@Reference(authors="J. C. Gower",
title="A comparison of some methods of cluster analysis",
booktitle="Biometrics (1967)",
url="https://doi.org/10.2307/2528417",
bibkey="doi:10.2307/2528417")
Centroid linkage — Unweighted Pair-Group Method using Centroids (UPGMC).

This is closely related to GroupAverageLinkage (UPGMA), but the resulting distance corresponds to the distance of the cluster centroids when used with squared Euclidean distance.

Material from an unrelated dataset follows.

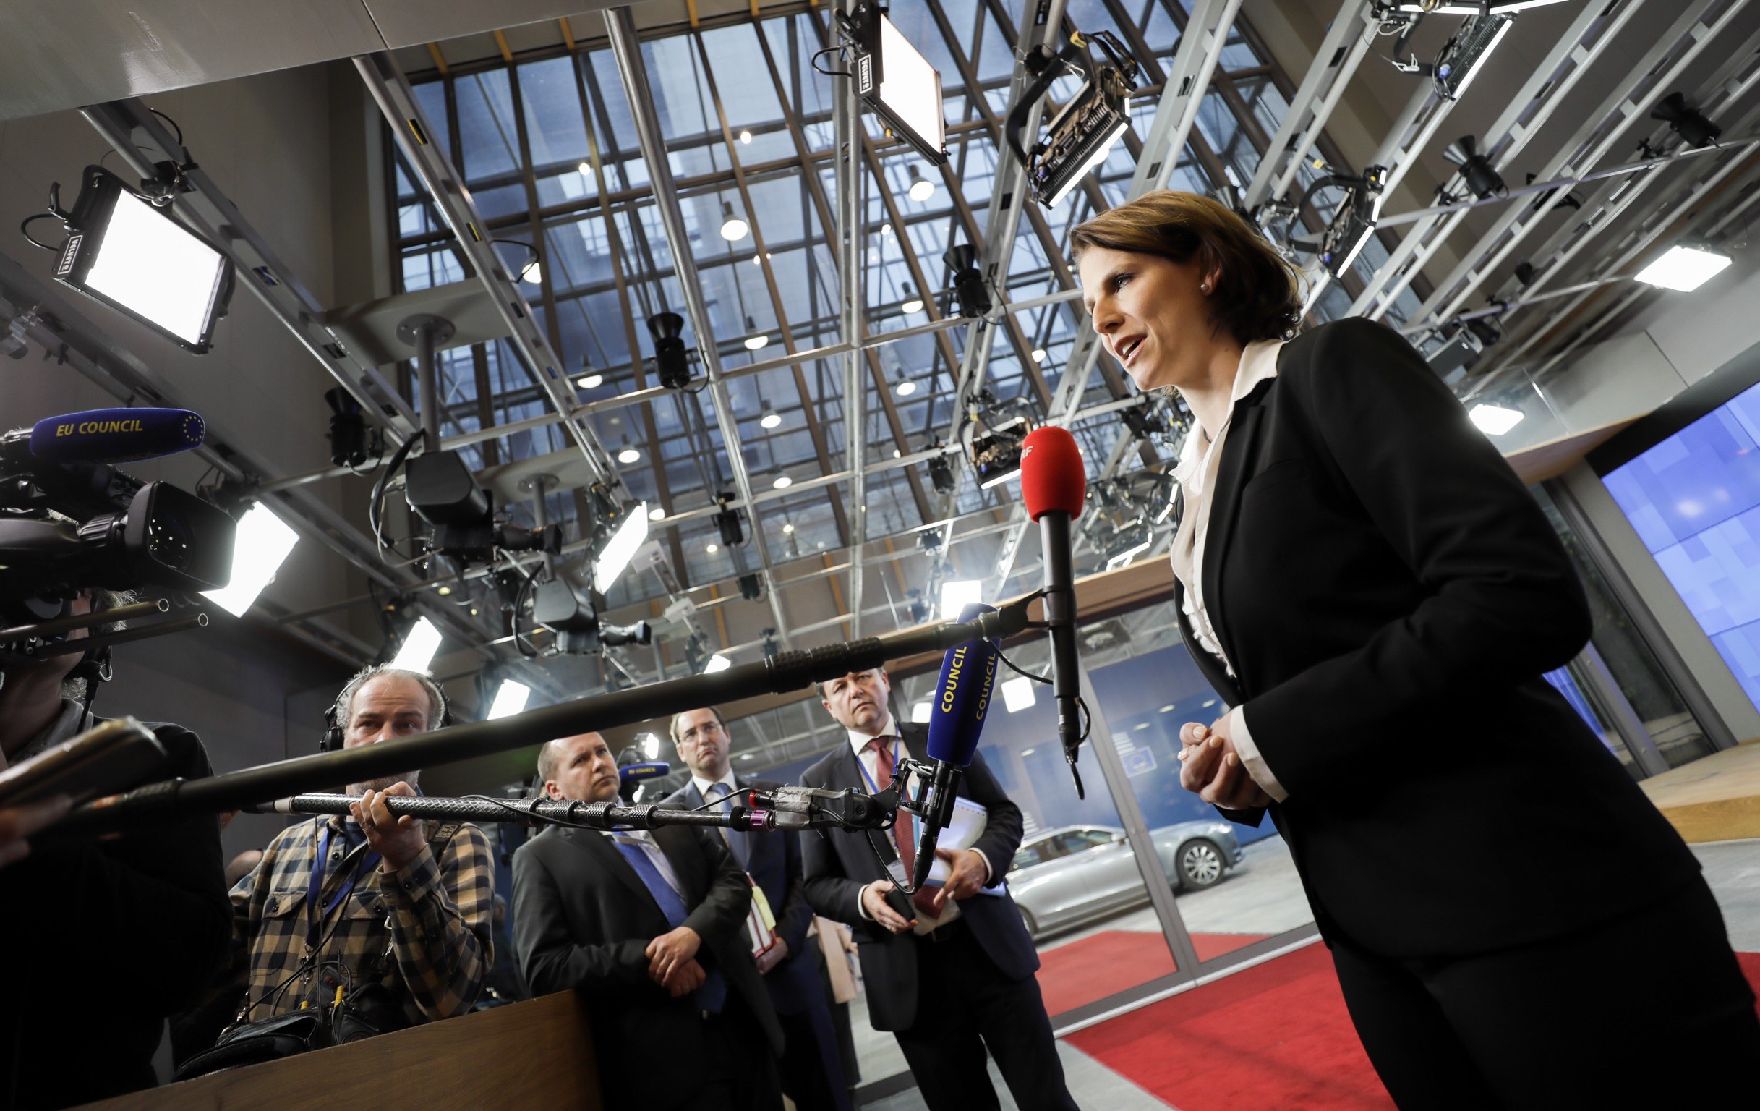 Am 17. Februar 2020 nahm Bundesministerin Karoline Edtstadler am Rat für Allgemeine Angelegenheiten in Brüssel teil. Im Bild beim Doorstep.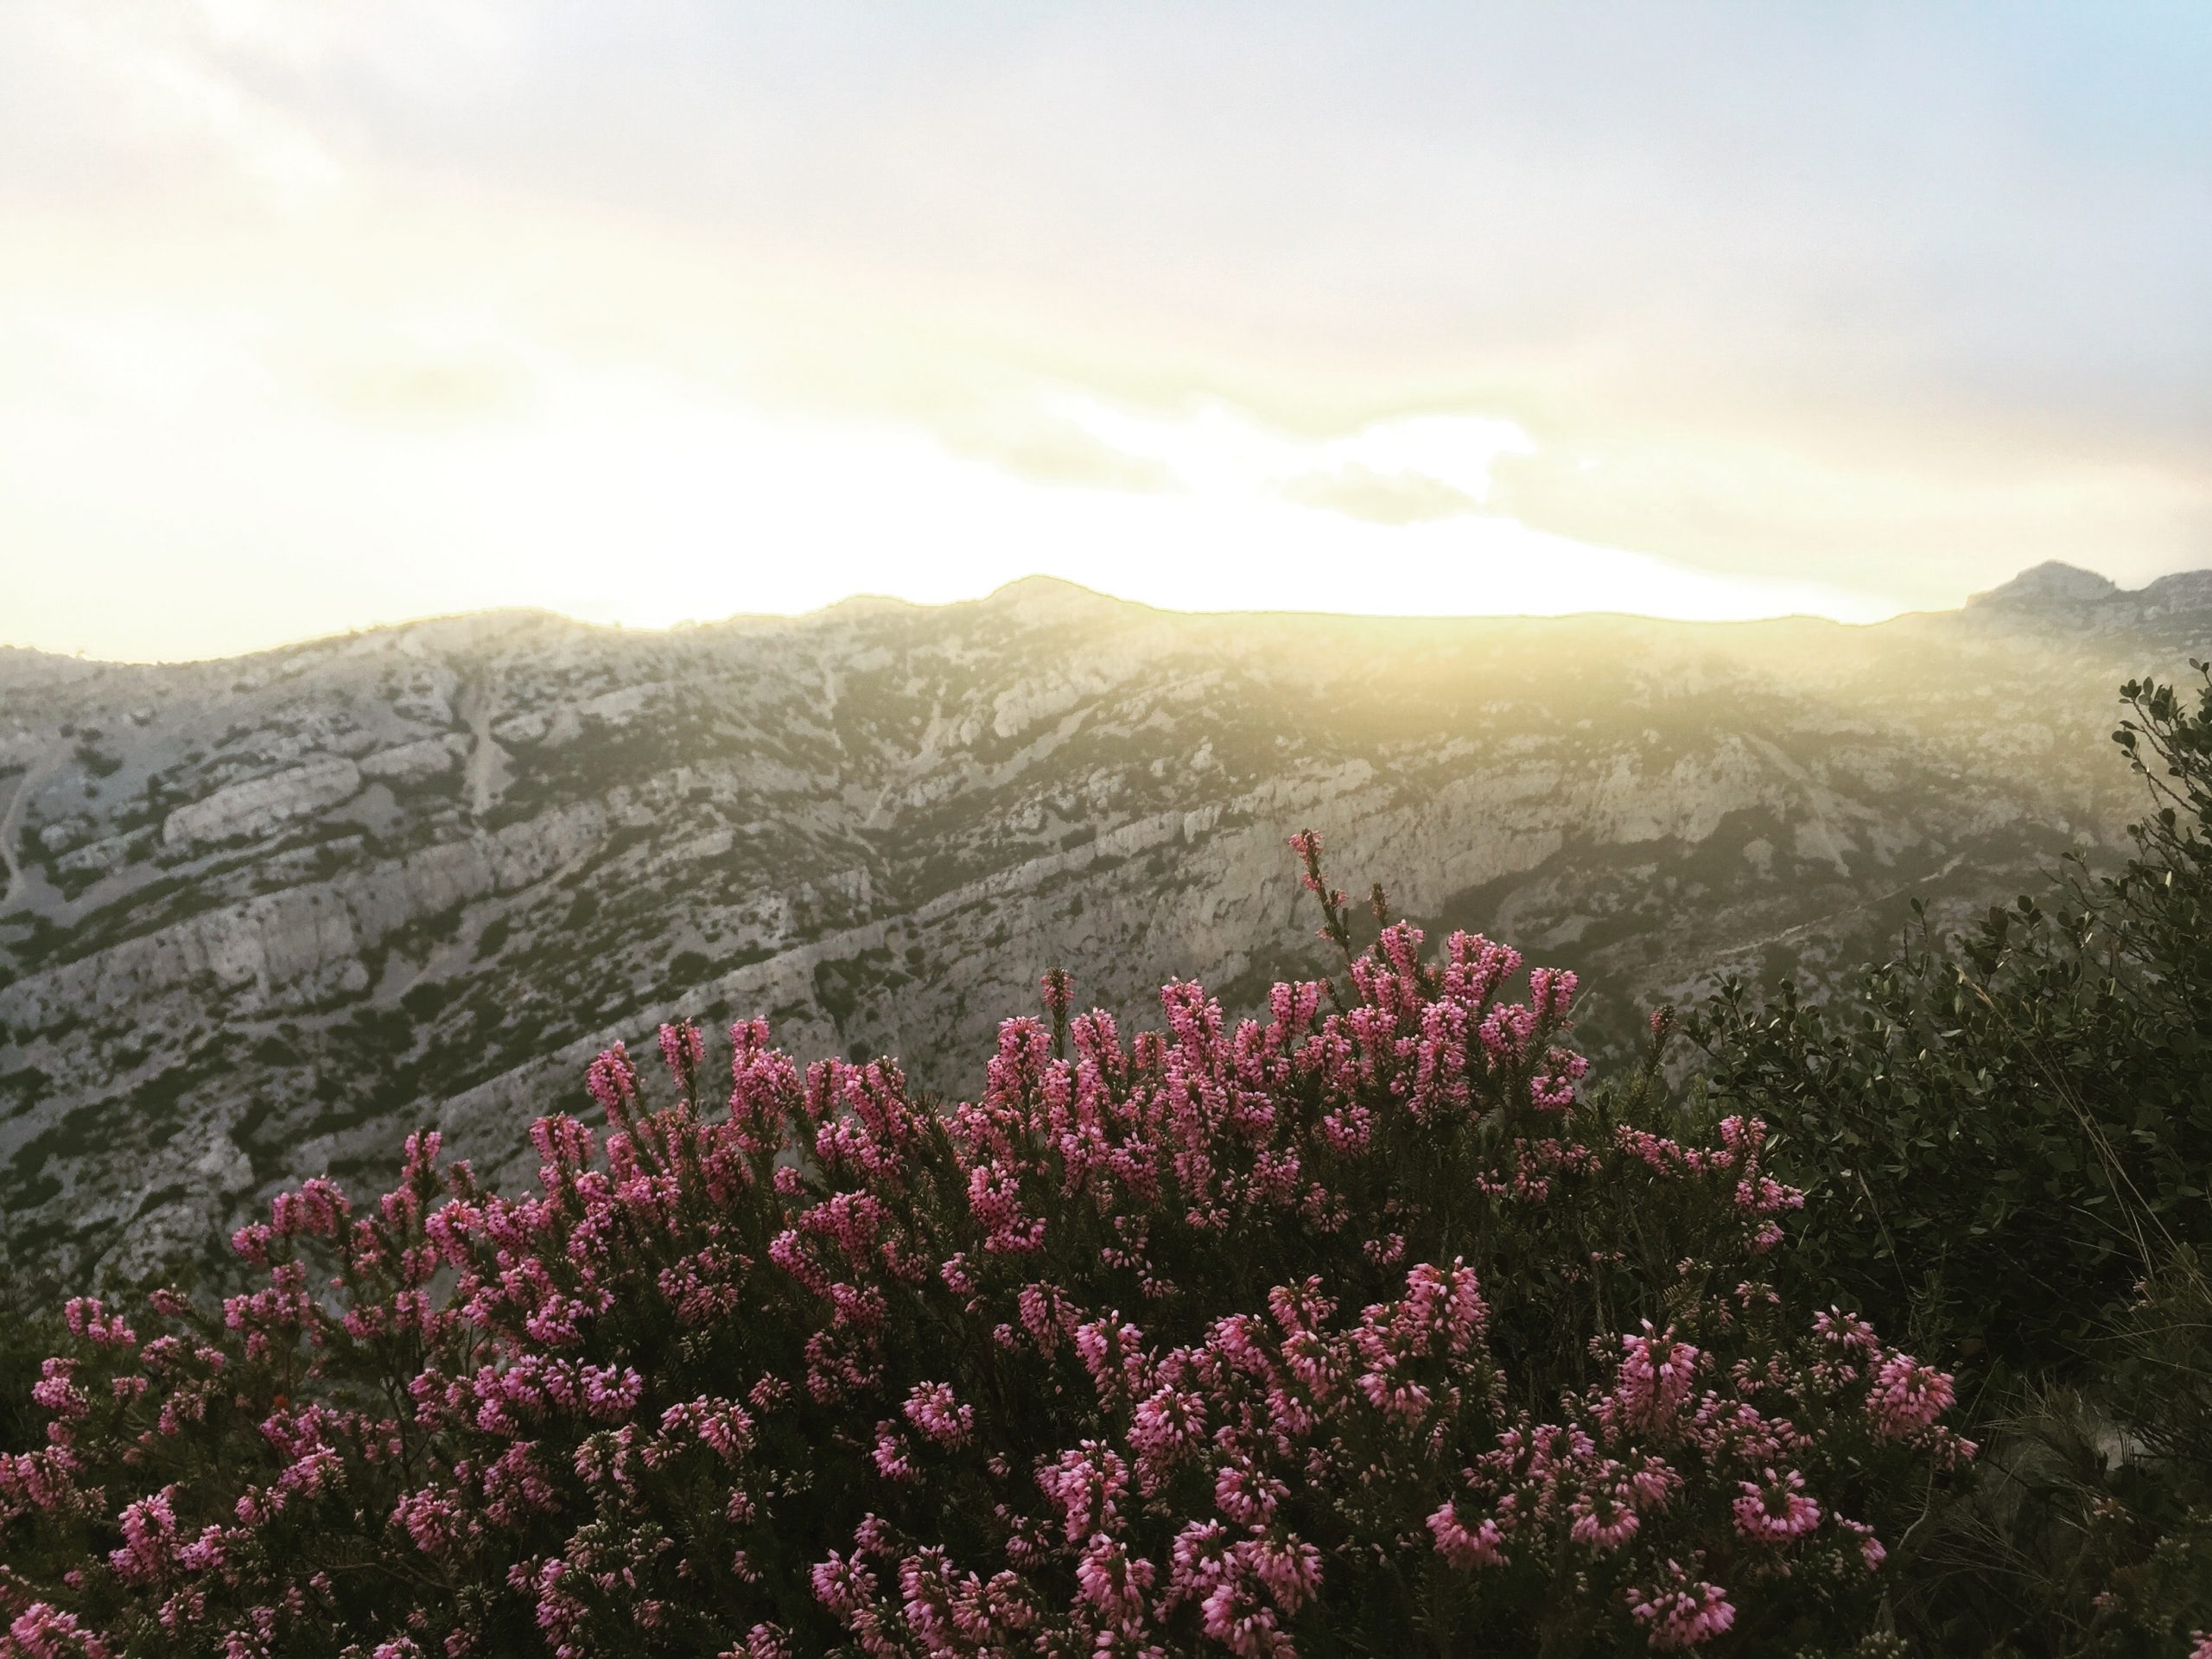 Une photographie d'un doux lever de soleil jaune au-dessus d'un flanc de montagne gris. Au pied de la montagne, un bouquet de fleurs sauvages d'un rose intense pousse. Le ciel est d'un bleu-rose pâle et est rempli de doux rayons de soleil.

For Lance-Williams, we can then obtain the following recursive definition: $d_{\text{UPGMC}}(A\cup B,C)=\tfrac{|A|}{|A|+|B|} d(A,C) + \tfrac{|B|}{|A|+|B|} d(B,C) - \tfrac{|A|\cdot|B|}{(|A|+|B|)^2} d(A,B)$

With squared Euclidean distance, we then get the cluster distance: $d_{\text{UPGMC}}(A,B)=||\tfrac{1}{|A|}\sum\nolimits_{a\in A} a, \tfrac{1}{|B|}\sum\nolimits_{b\in B} b||^2$ but for other distances, this will not generally be true.

Because the ELKI implementations use Lance-Williams, this linkage should only be used with (squared) Euclidean distance.

While titled "unweighted", this method does take cluster sizes into account when merging clusters with Lance-Williams.

While the idea of this method — at least for squared Euclidean — is compelling (distance of cluster centers), it is not as well behaved as one may think. It can yield so called "inversions", where a later merge has a smaller distance than an early merge, because a cluster center can be closer to a neighboring cluster than any of the individual points. Because of this, the GroupAverageLinkage (UPGMA) is usually preferable.

Reference:

J. C. Gower
A comparison of some methods of cluster analysis
Biometrics (1967): 623-637.

Since:
0.6.0
Author:
Erich Schubert